[Information Boundary: Start]
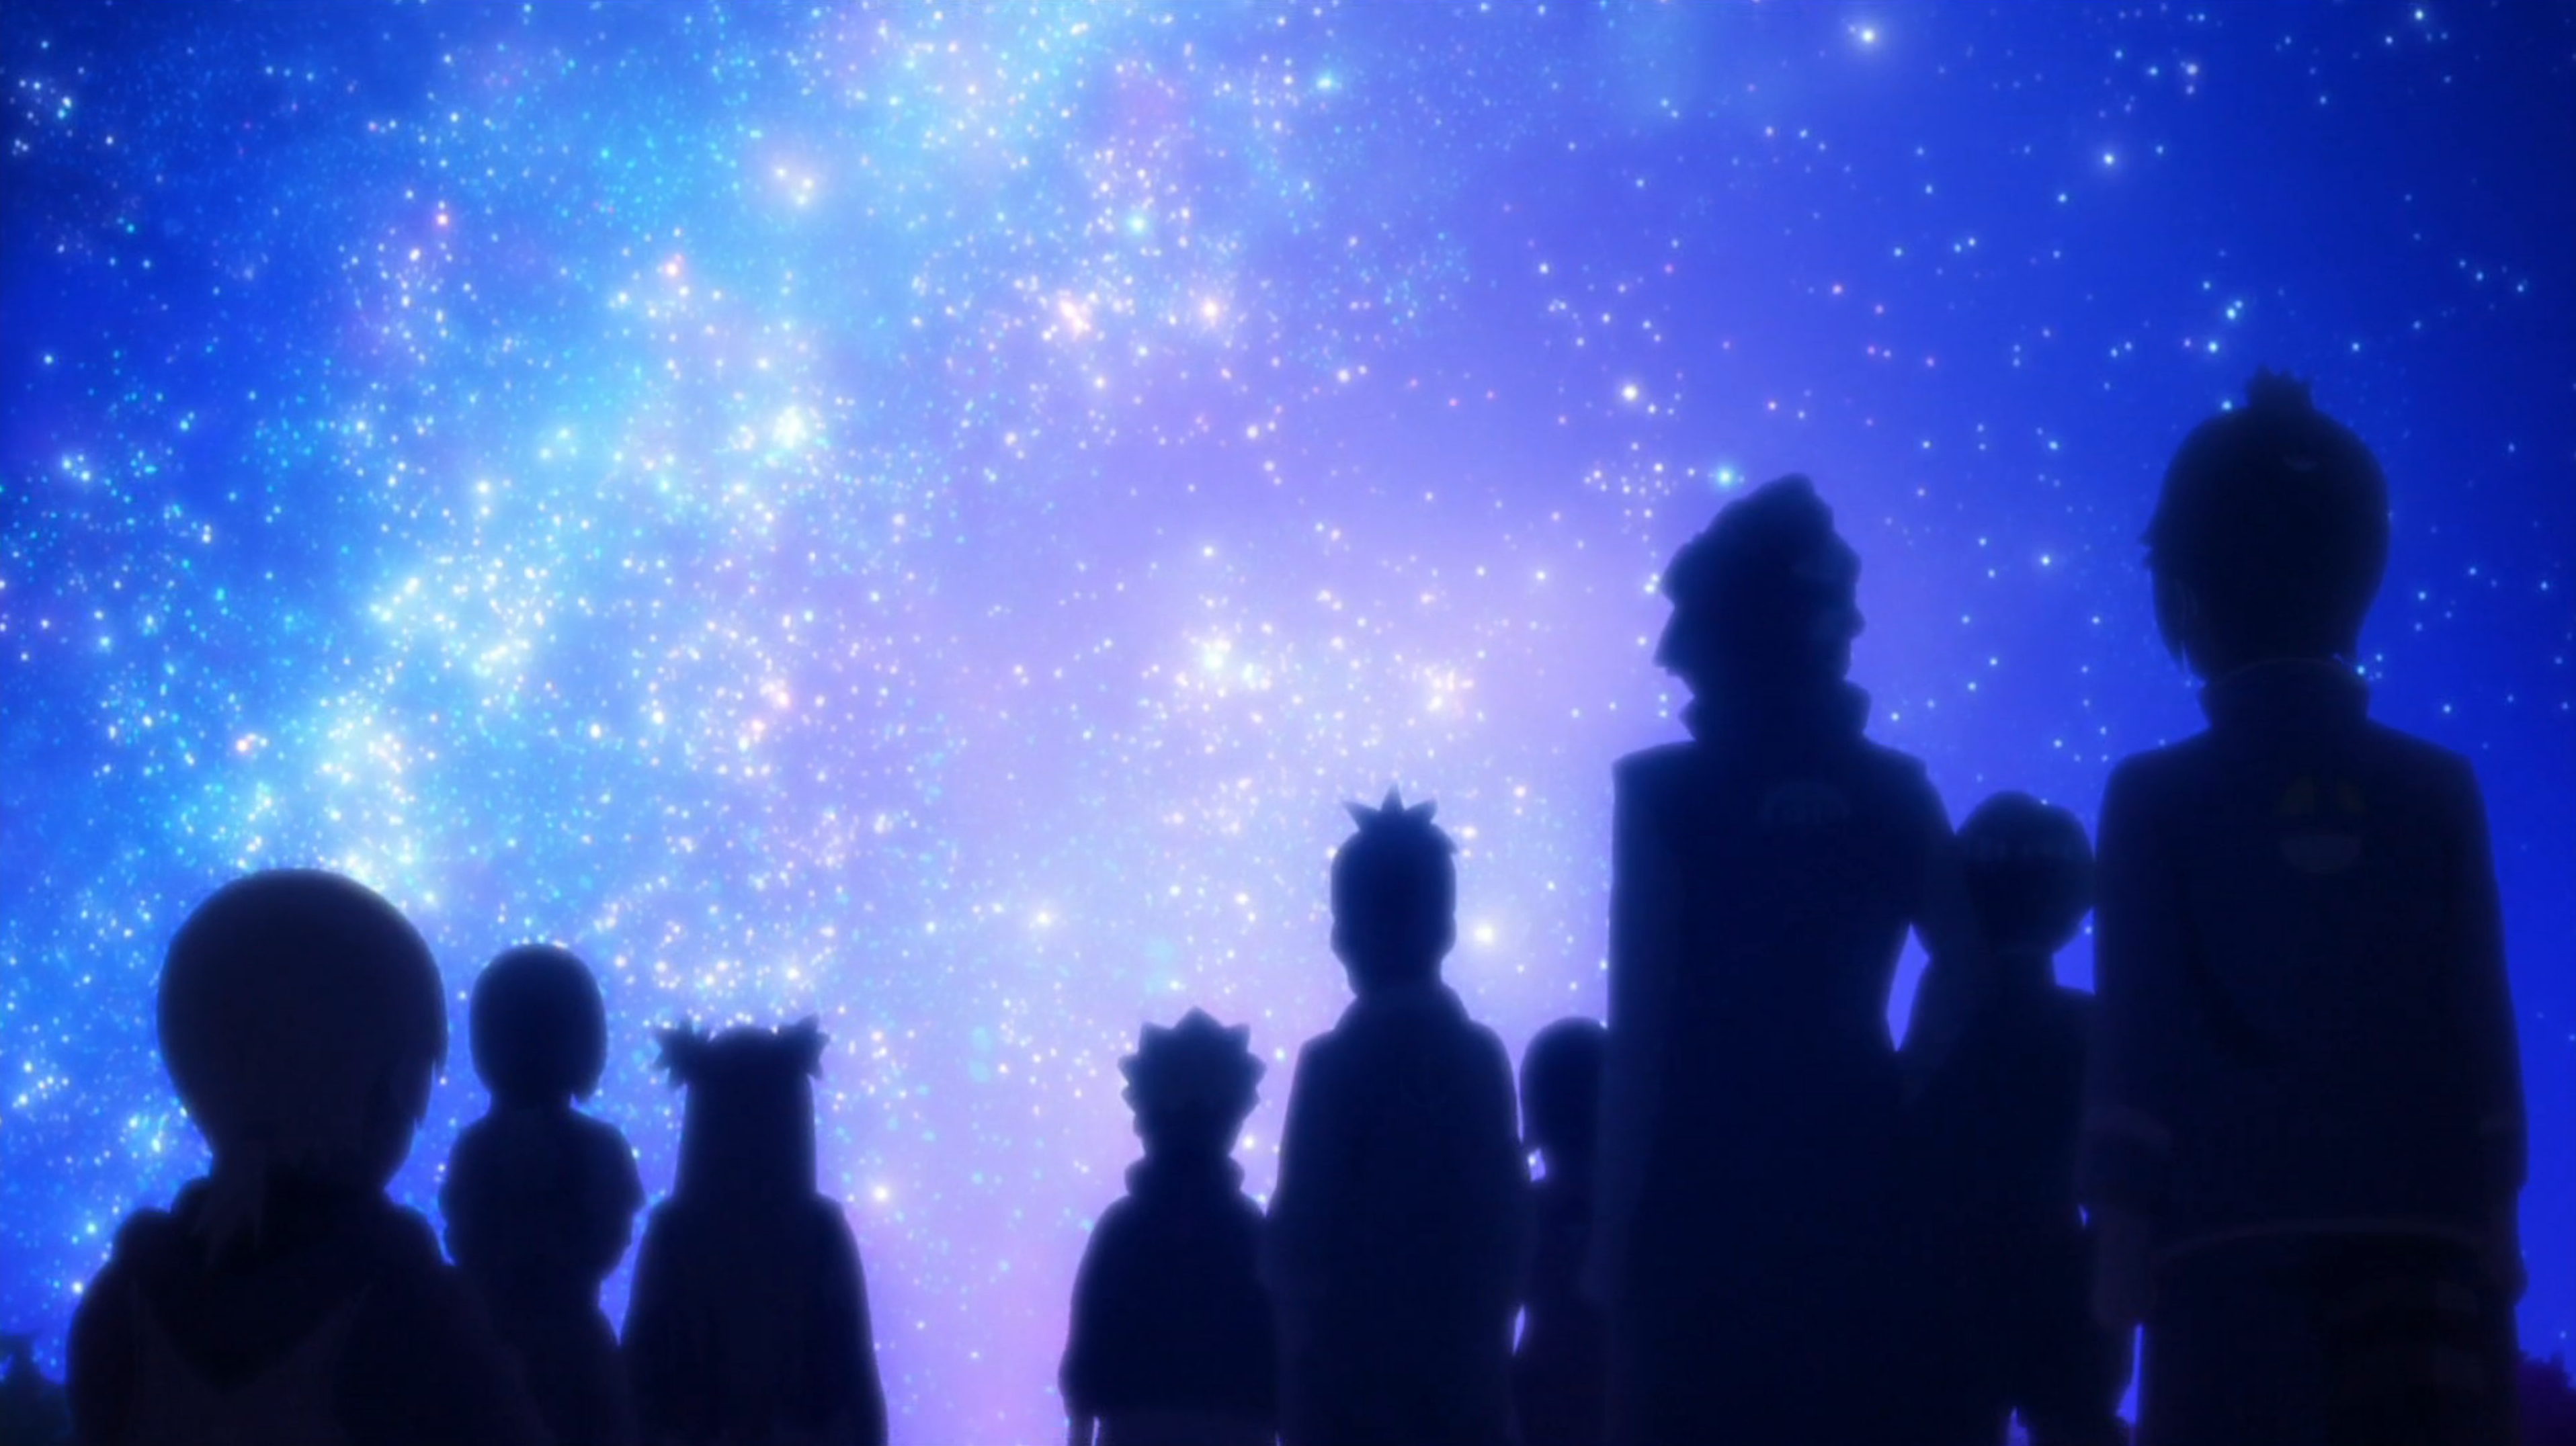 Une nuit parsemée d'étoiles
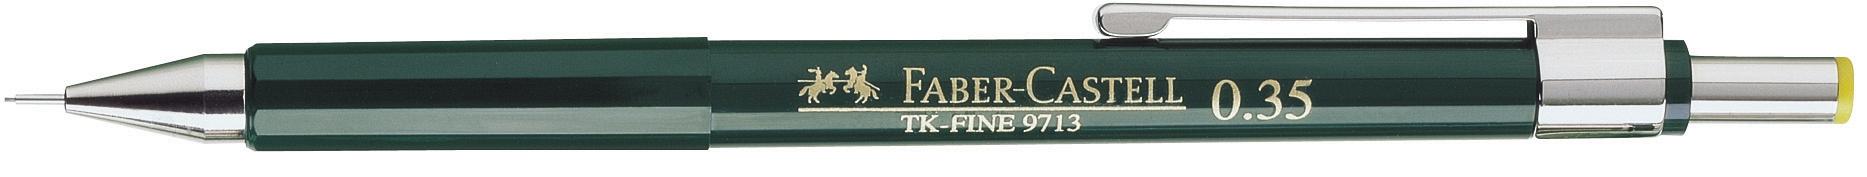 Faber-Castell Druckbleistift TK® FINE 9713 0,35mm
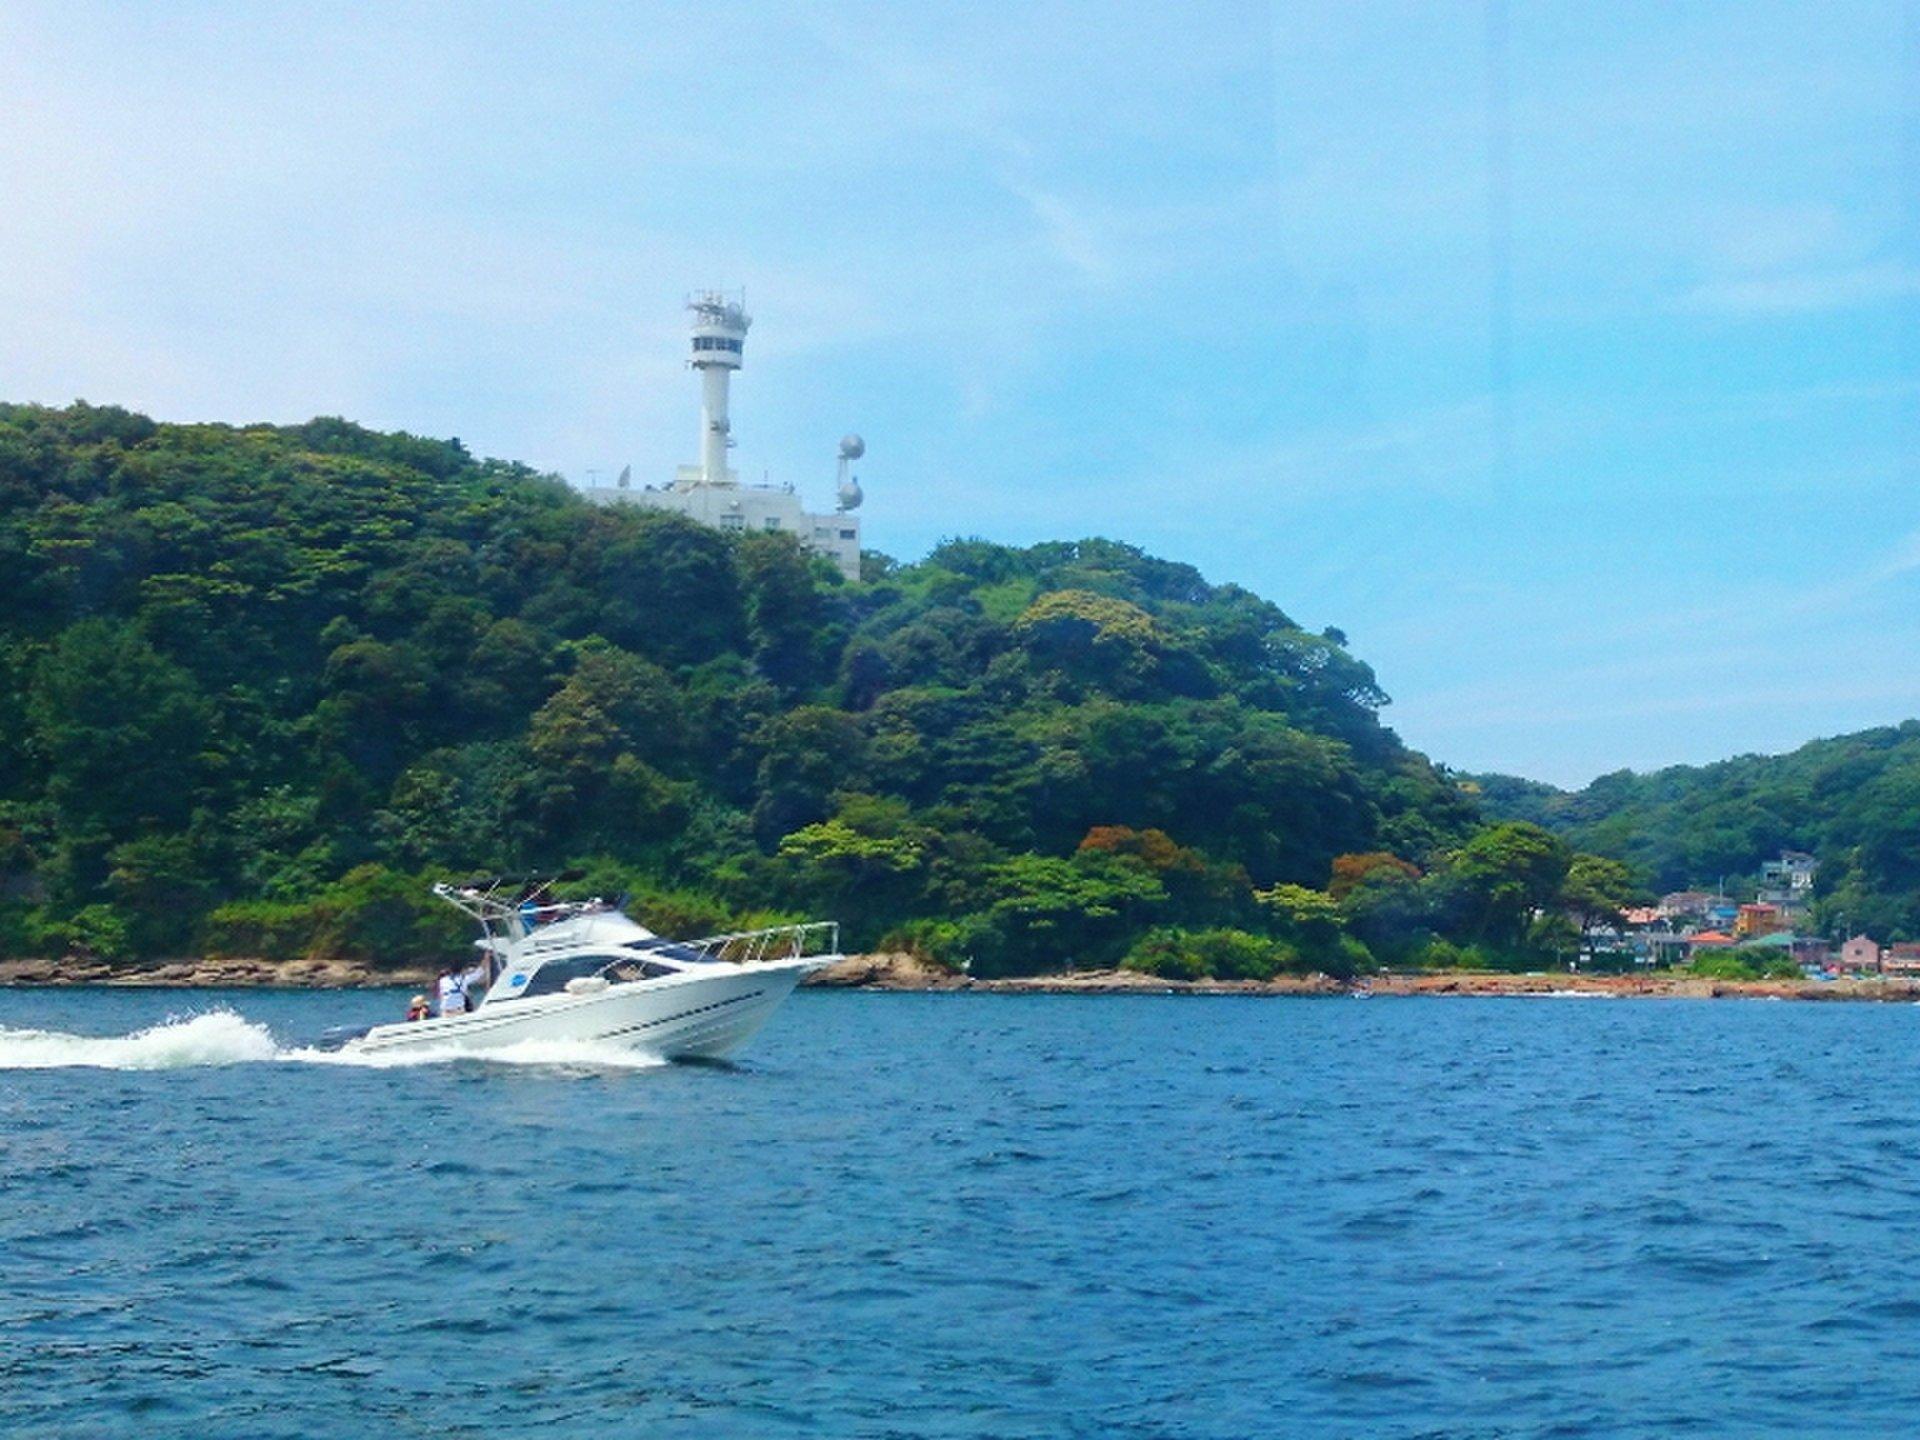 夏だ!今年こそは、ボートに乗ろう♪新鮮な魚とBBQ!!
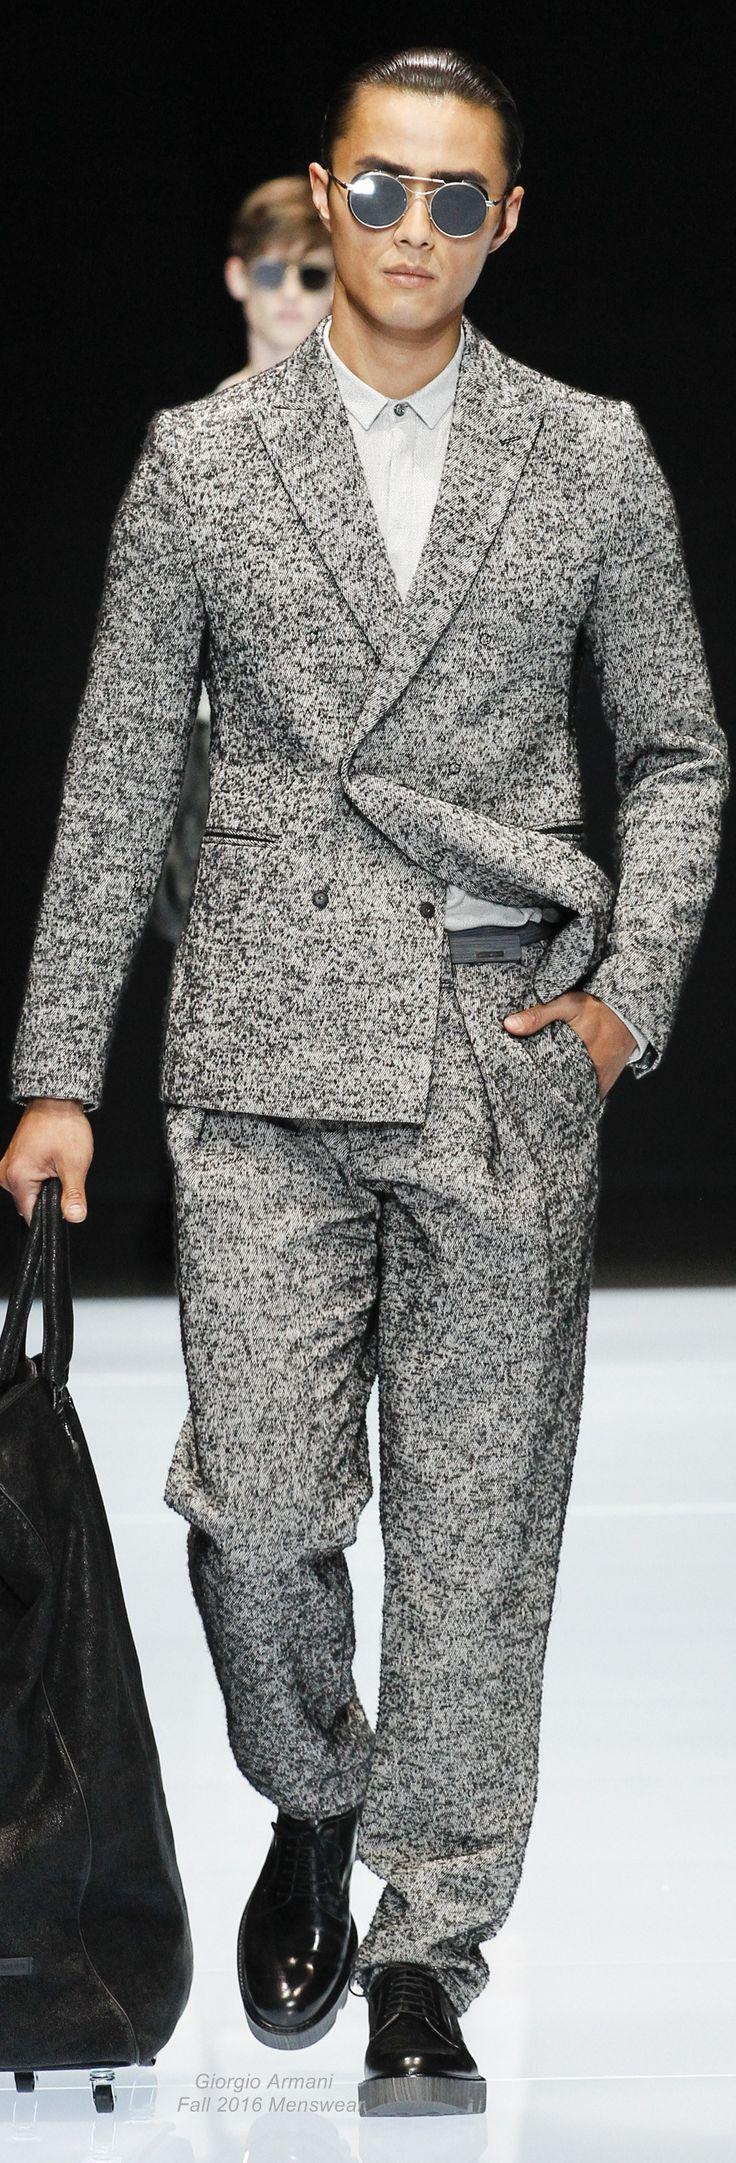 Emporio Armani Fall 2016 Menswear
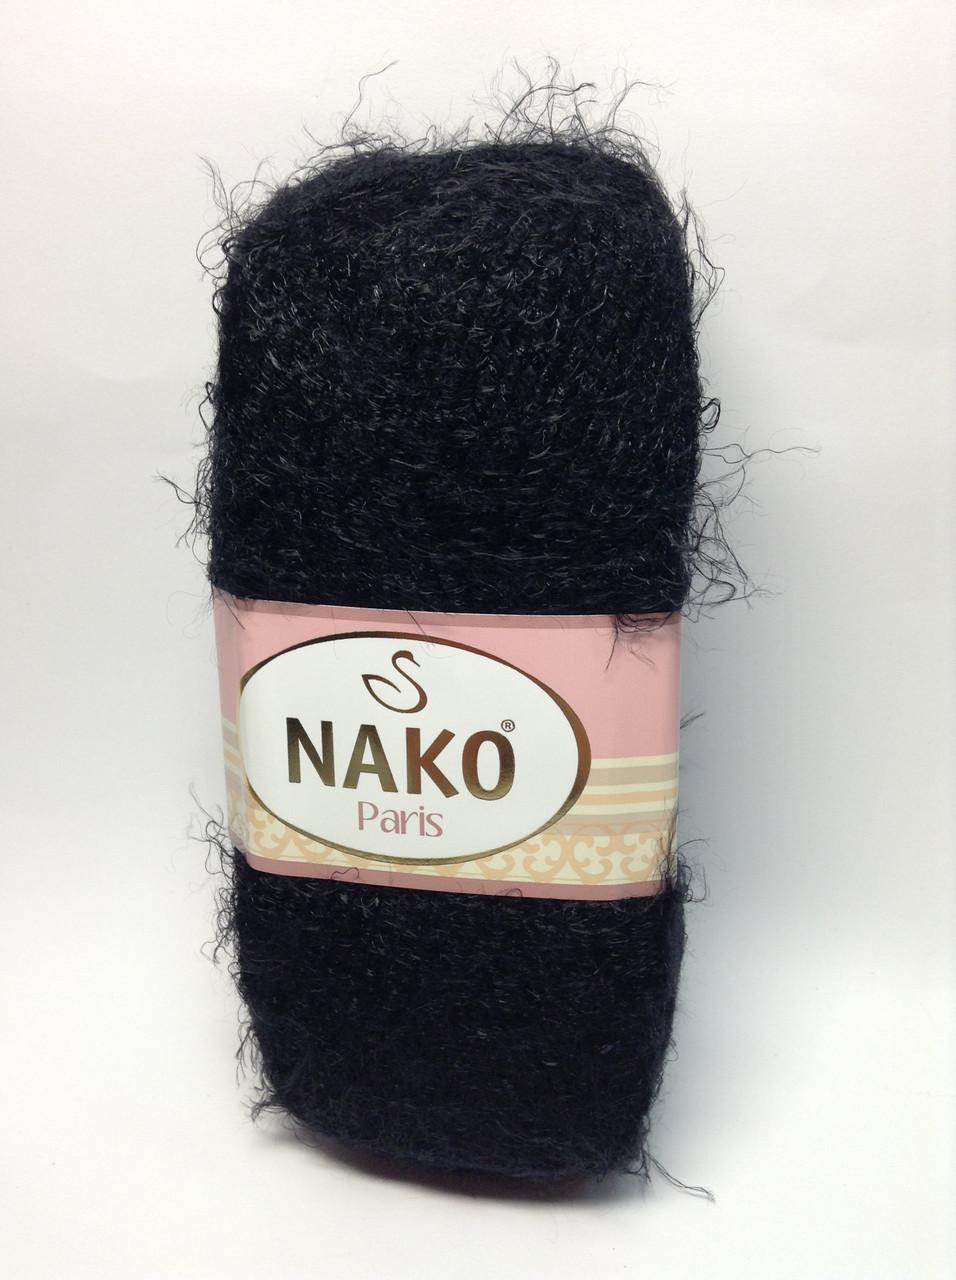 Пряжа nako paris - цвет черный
[Information Boundary: End]
Output only the lines from the line that contains "Faber-Castell Druckbleistift TK®" through the end of the material, both ends included, and skip every picture.

 Faber-Castell Druckbleistift TK® FINE 9713 0,35mm
 夏だ!今年こそは、ボートに乗ろう♪新鮮な魚とBBQ!!
 Emporio Armani Fall 2016 Menswear
 Пряжа nako paris - цвет черный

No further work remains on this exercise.